*What to work on*: An exact copy of the listing below is required, minus its pictures.

*Dataset extract*:
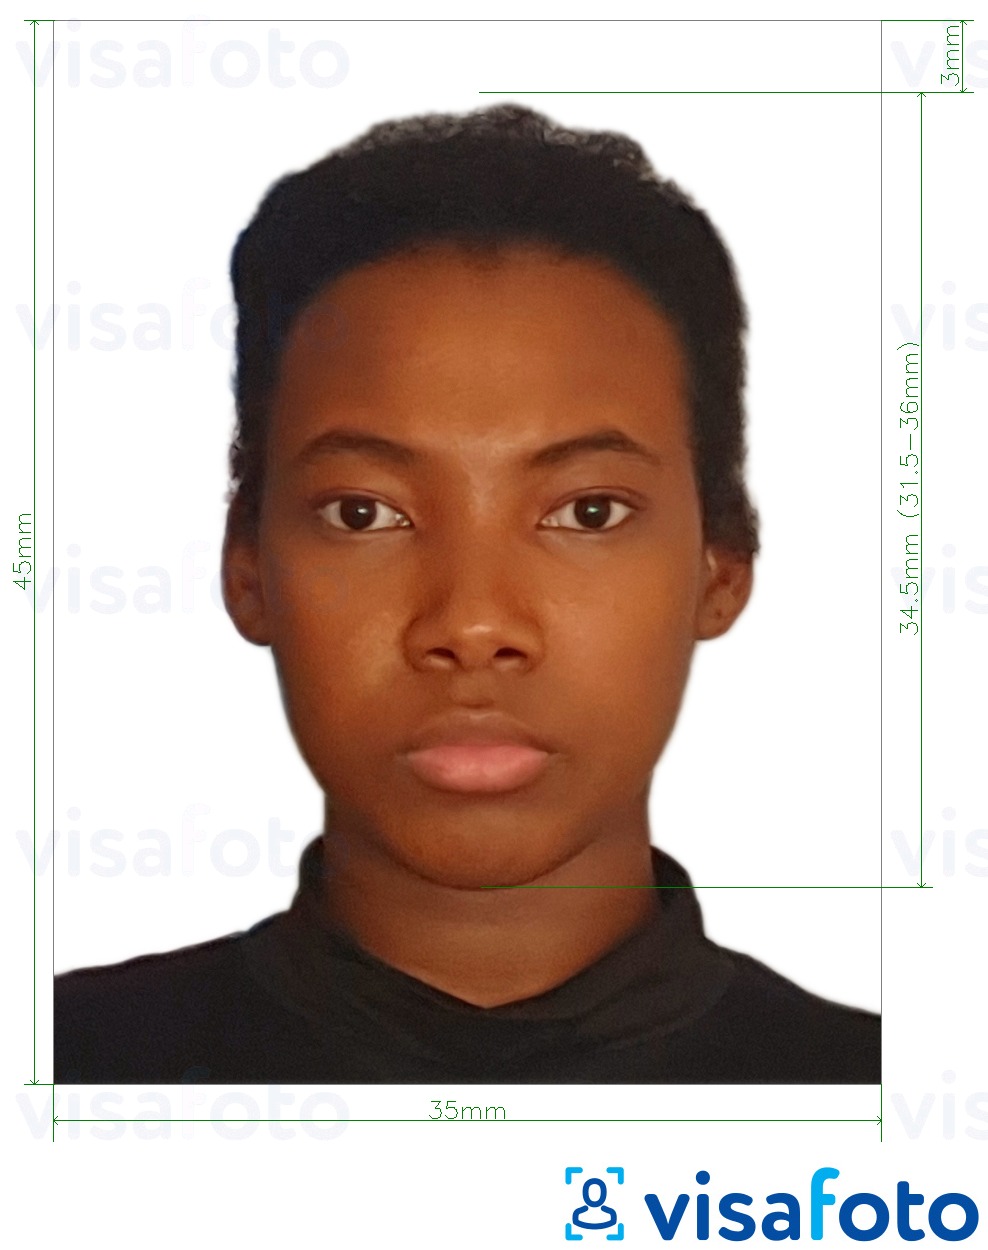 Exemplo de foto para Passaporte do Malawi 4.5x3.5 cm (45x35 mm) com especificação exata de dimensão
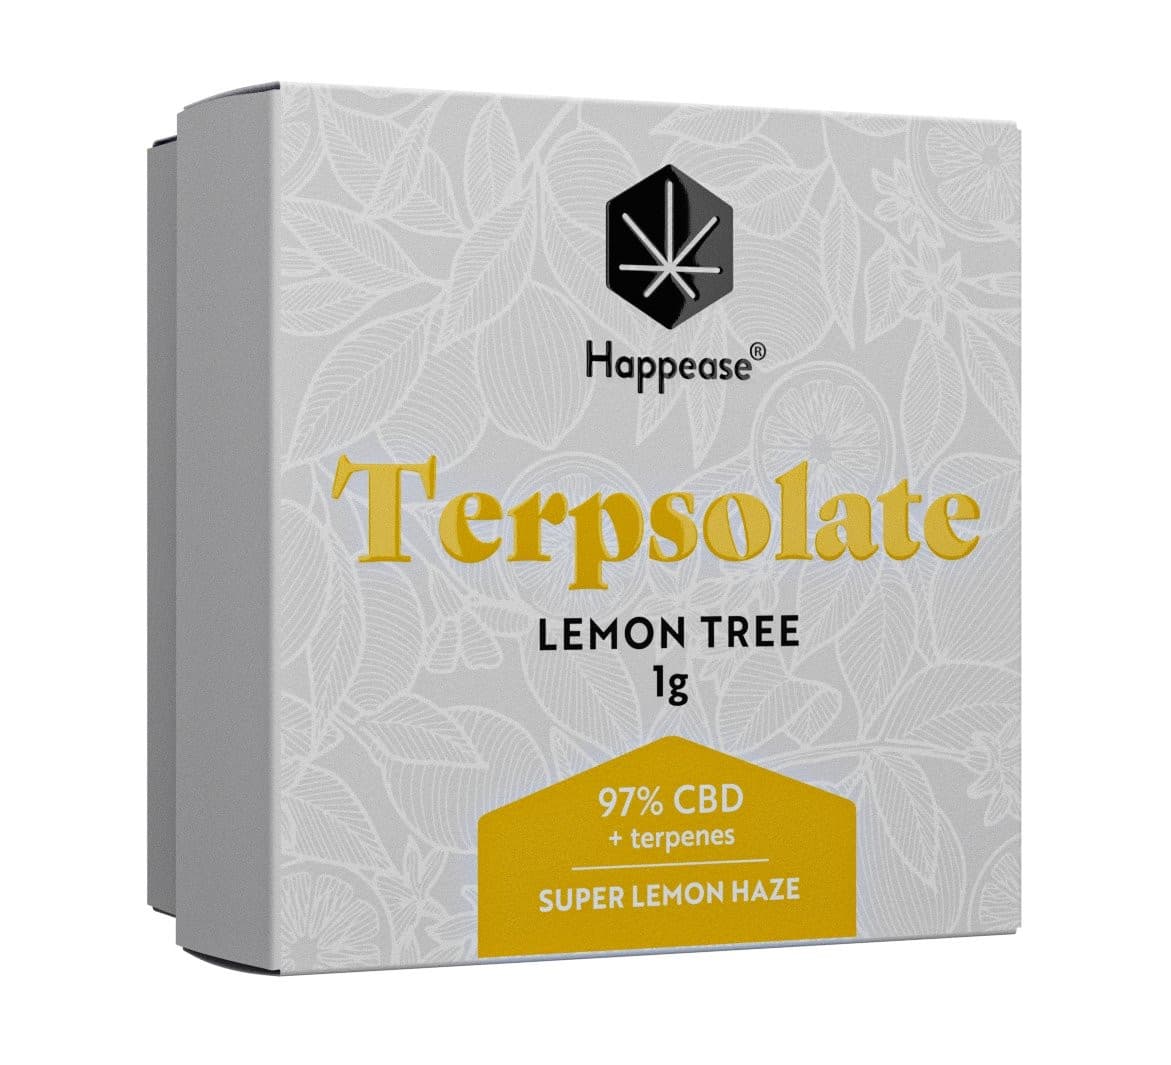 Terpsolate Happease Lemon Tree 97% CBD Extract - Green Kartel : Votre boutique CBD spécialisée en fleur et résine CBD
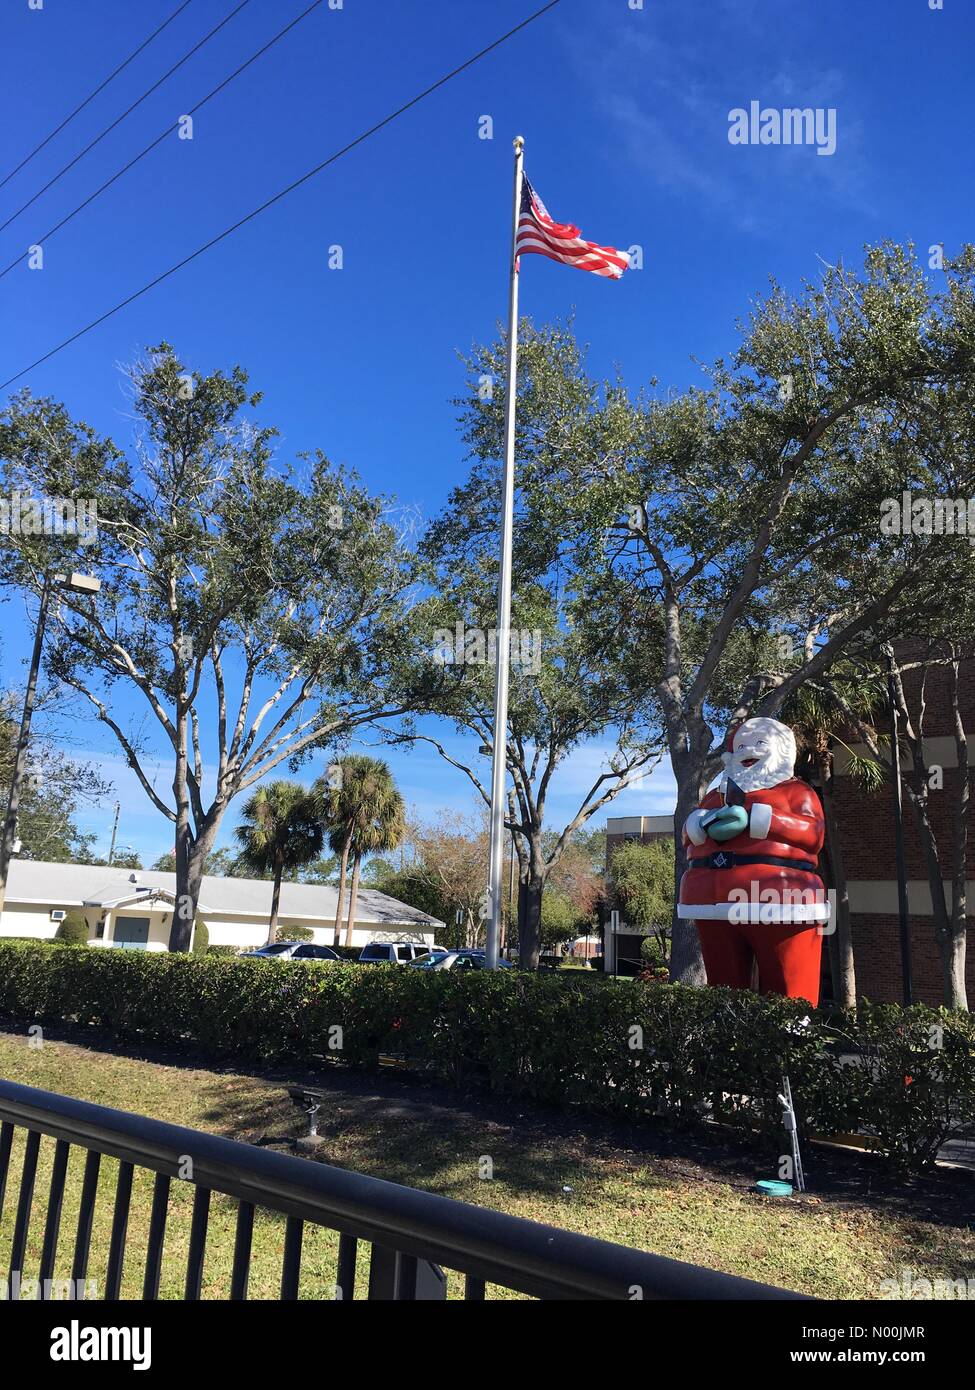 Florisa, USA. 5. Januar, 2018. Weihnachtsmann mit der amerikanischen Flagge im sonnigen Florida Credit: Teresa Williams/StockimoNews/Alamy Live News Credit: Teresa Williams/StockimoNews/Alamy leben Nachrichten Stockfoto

*Response area*:
 Exemplo de foto para Passaporte do Malawi 4.5x3.5 cm (45x35 mm) com especificação exata de dimensão
 Terpsolate Happease Lemon Tree 97% CBD Extract - Green Kartel : Votre boutique CBD spécialisée en fleur et résine CBD
 Florisa, USA. 5. Januar, 2018. Weihnachtsmann mit der amerikanischen Flagge im sonnigen Florida Credit: Teresa Williams/StockimoNews/Alamy Live News Credit: Teresa Williams/StockimoNews/Alamy leben Nachrichten Stockfoto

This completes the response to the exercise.